Prompt
Please write out all the data that follows exactly, without the pictures.

Provided data
========================

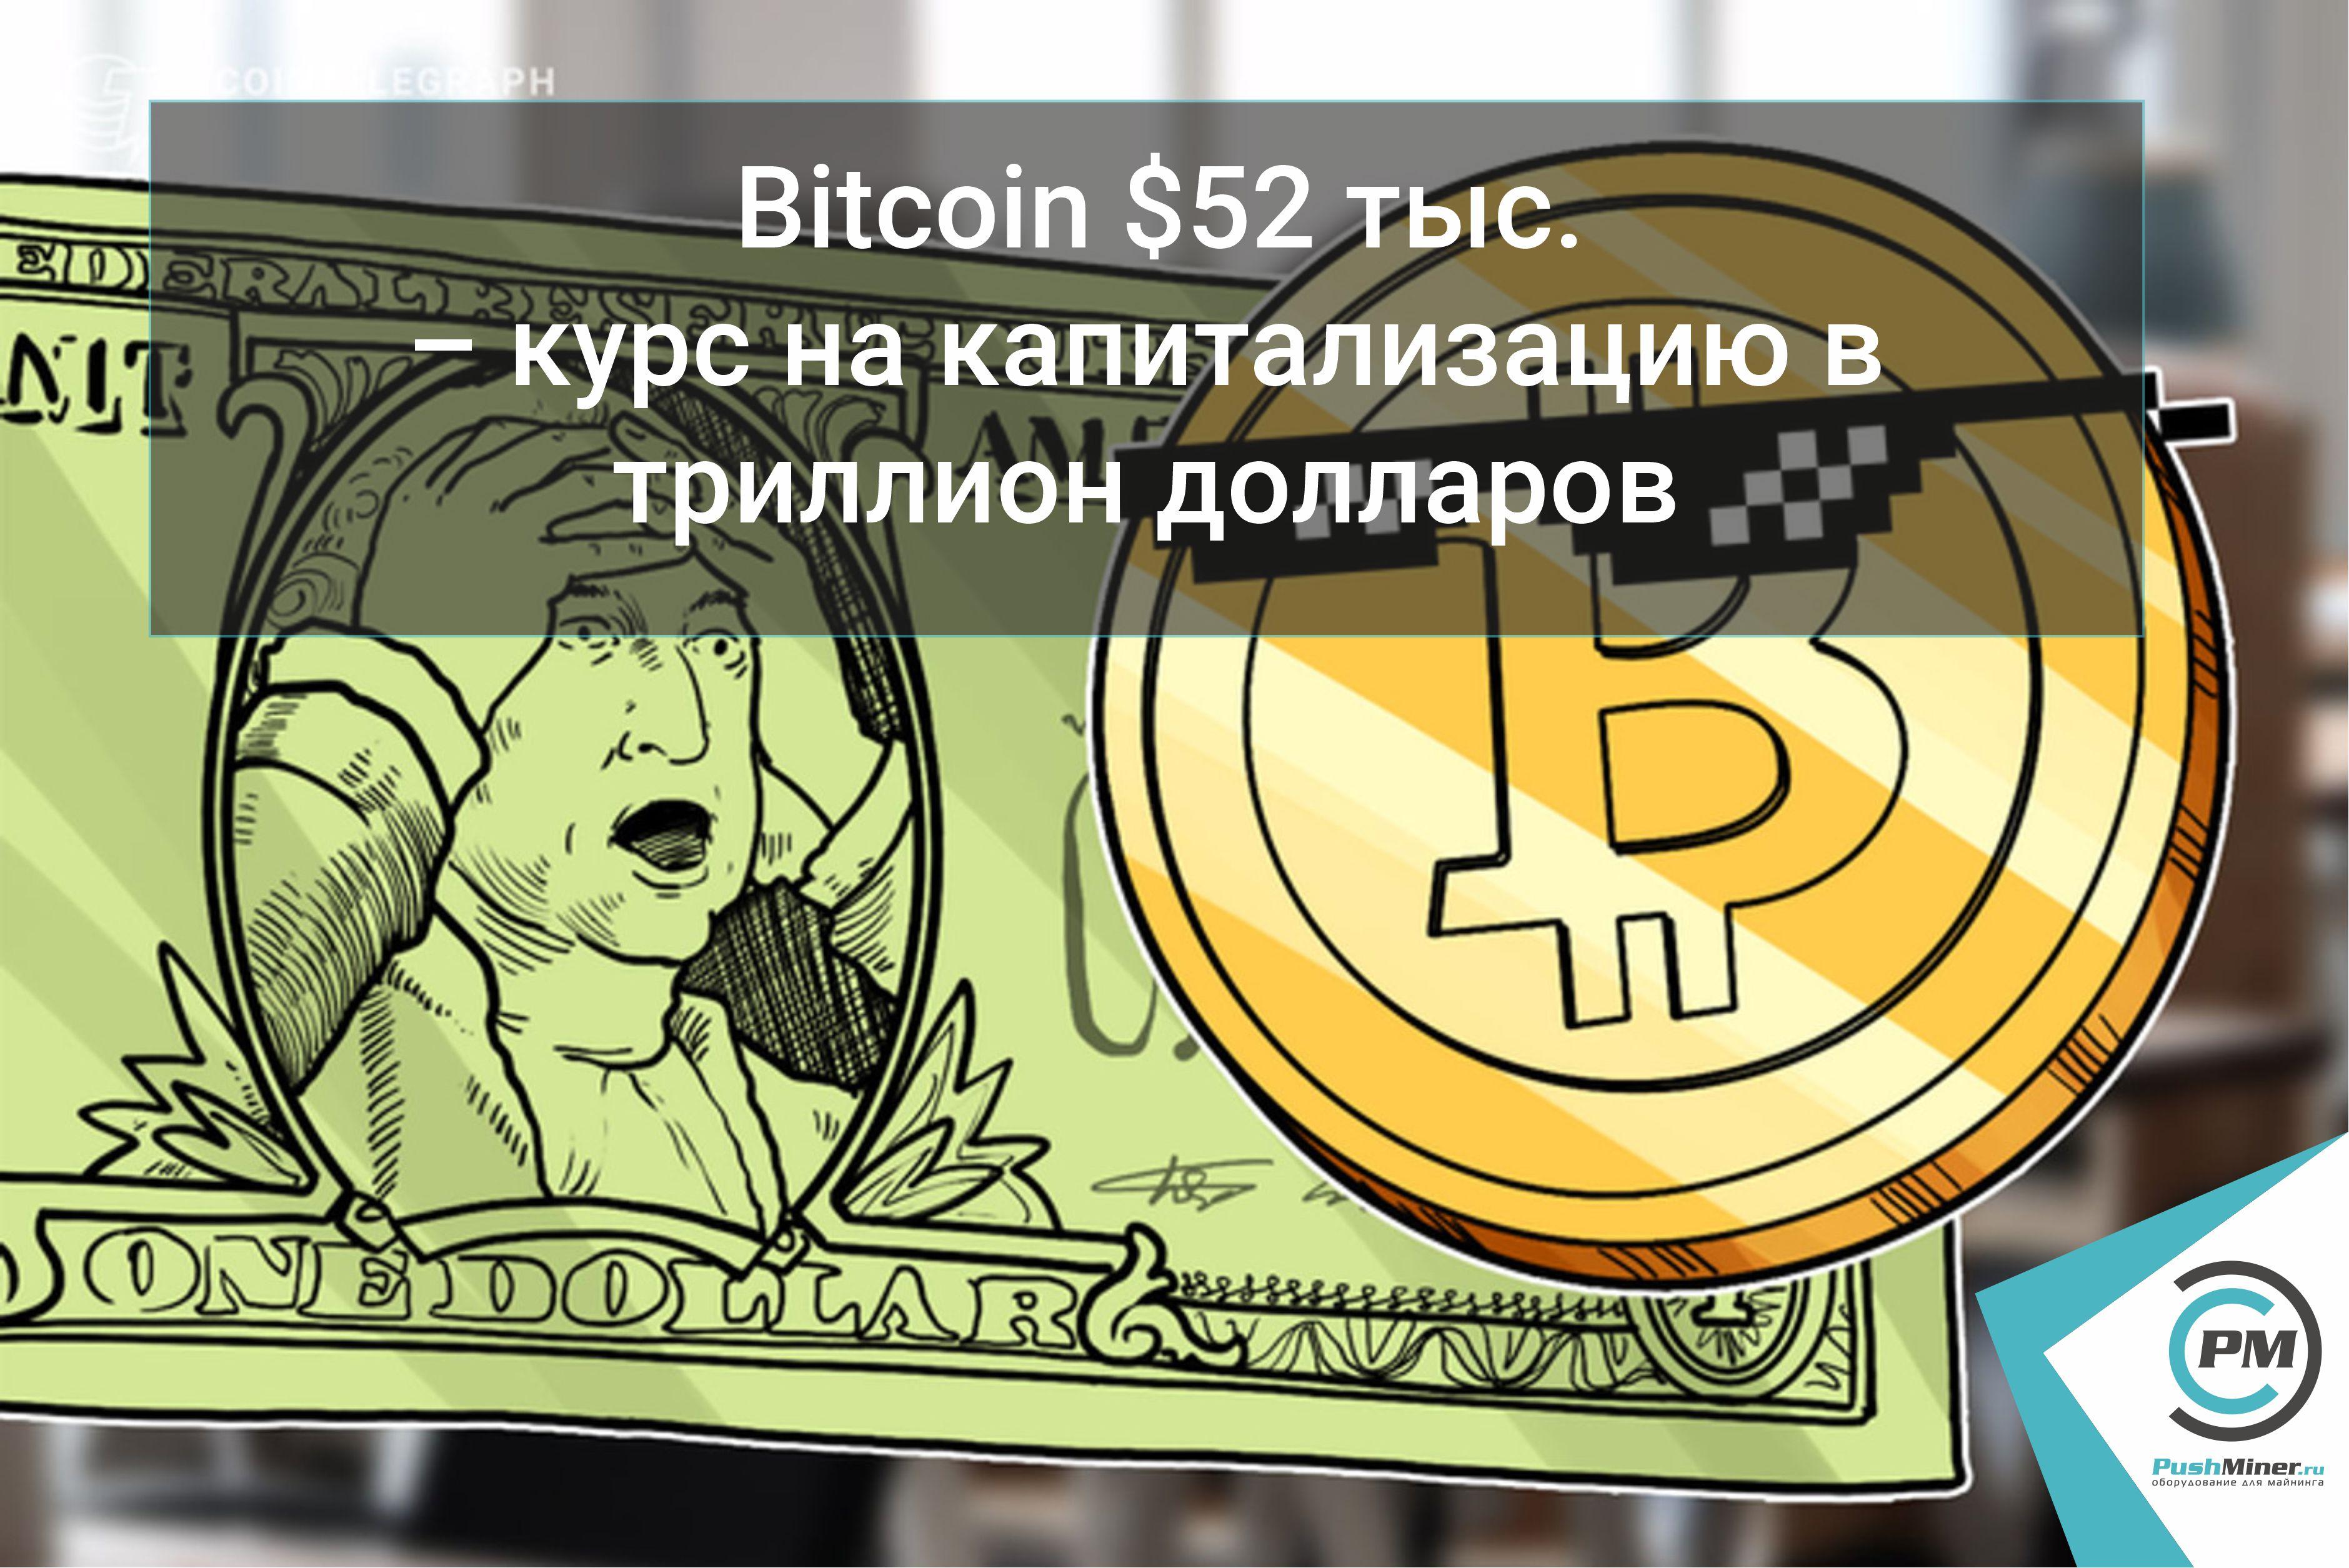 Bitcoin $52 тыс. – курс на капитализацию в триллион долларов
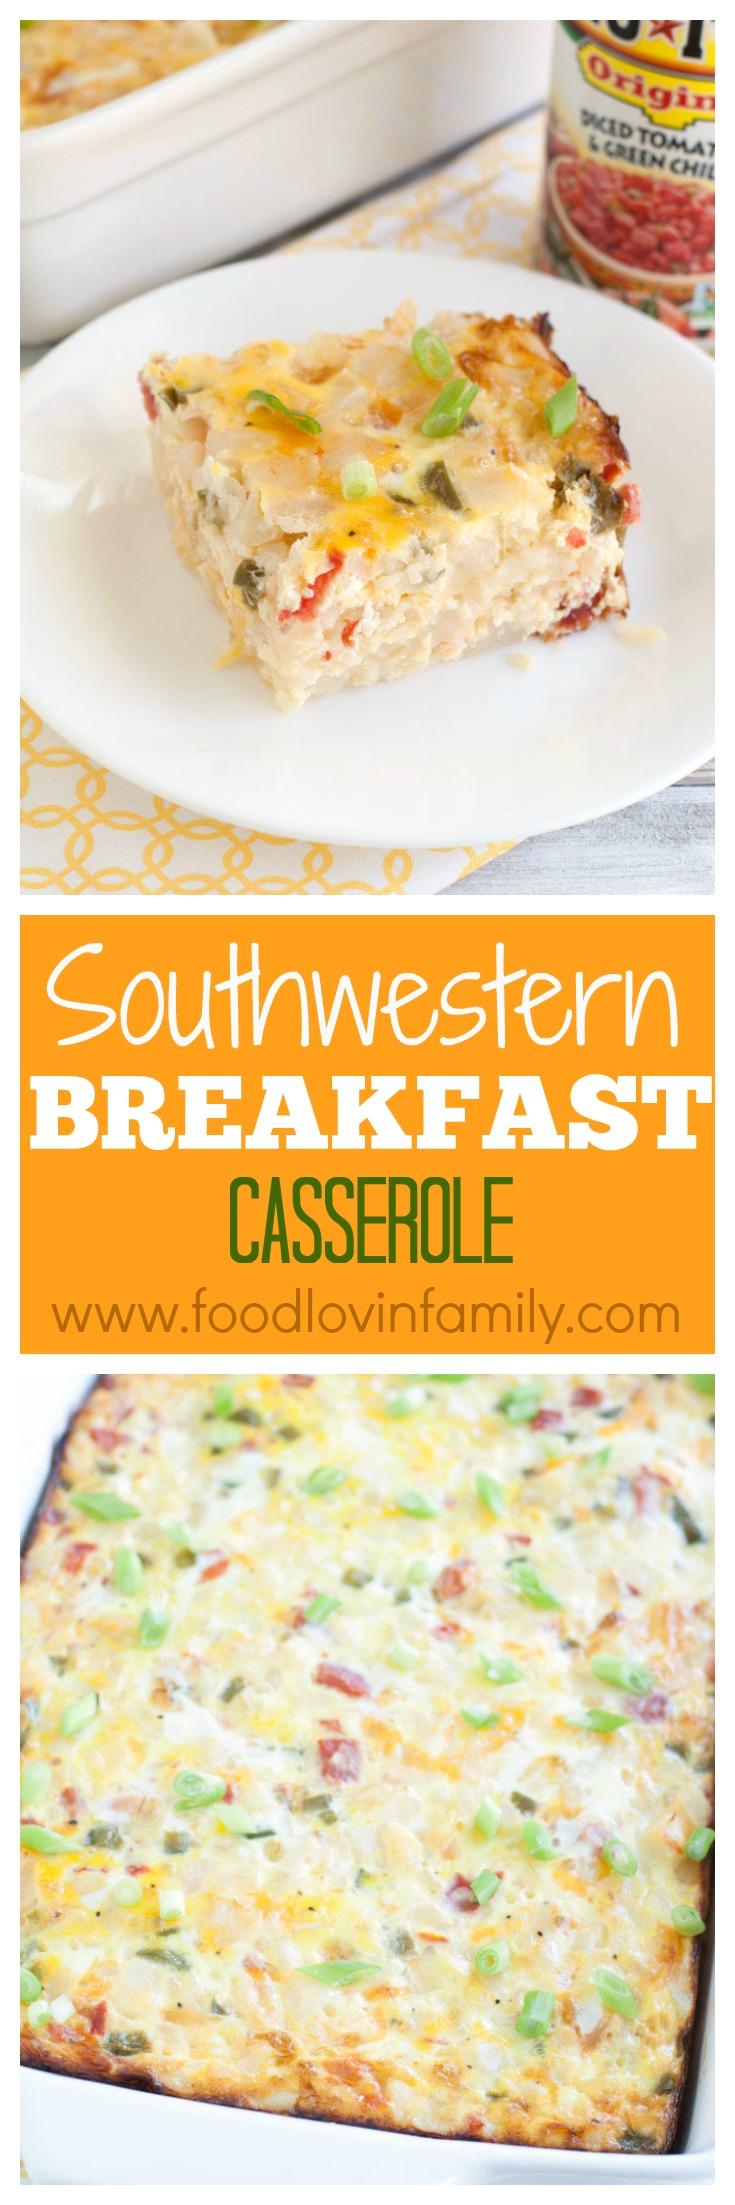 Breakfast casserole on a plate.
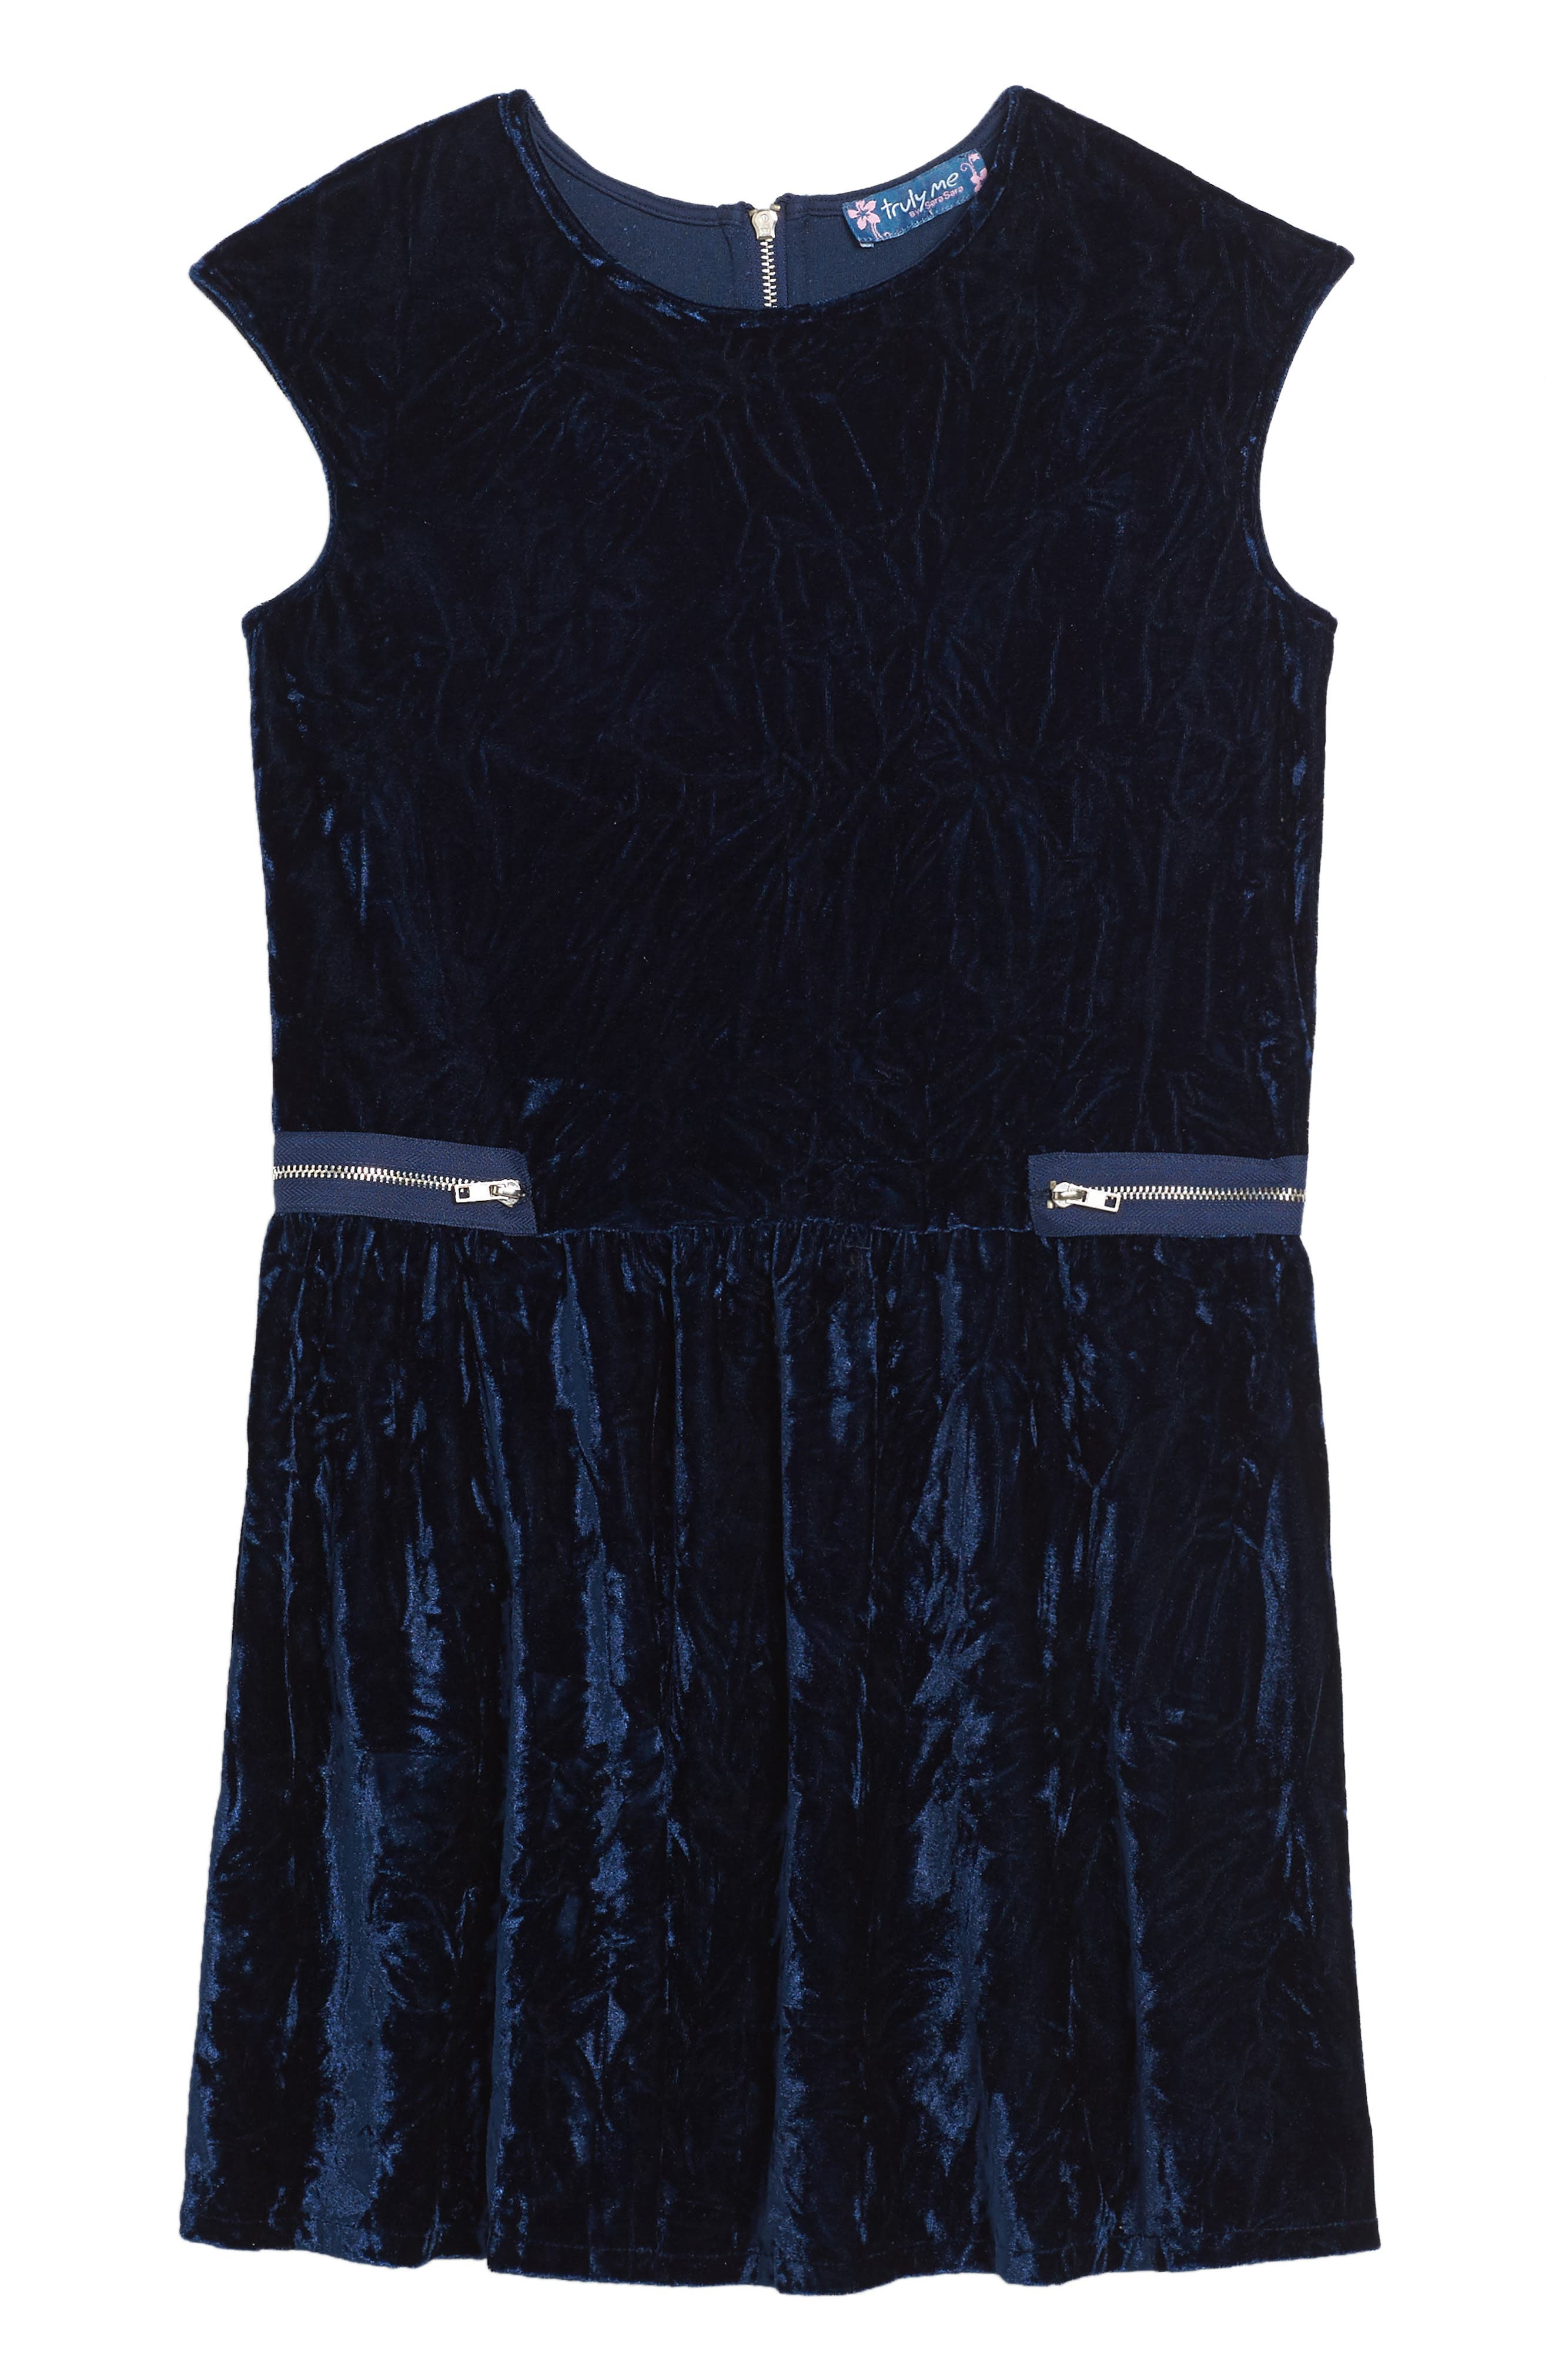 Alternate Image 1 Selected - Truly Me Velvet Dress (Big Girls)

========================

Answer section
 Bitcoin $52 тыс. – курс на капитализацию в триллион долларов
 Breakfast casserole on a plate.
 Alternate Image 1 Selected - Truly Me Velvet Dress (Big Girls)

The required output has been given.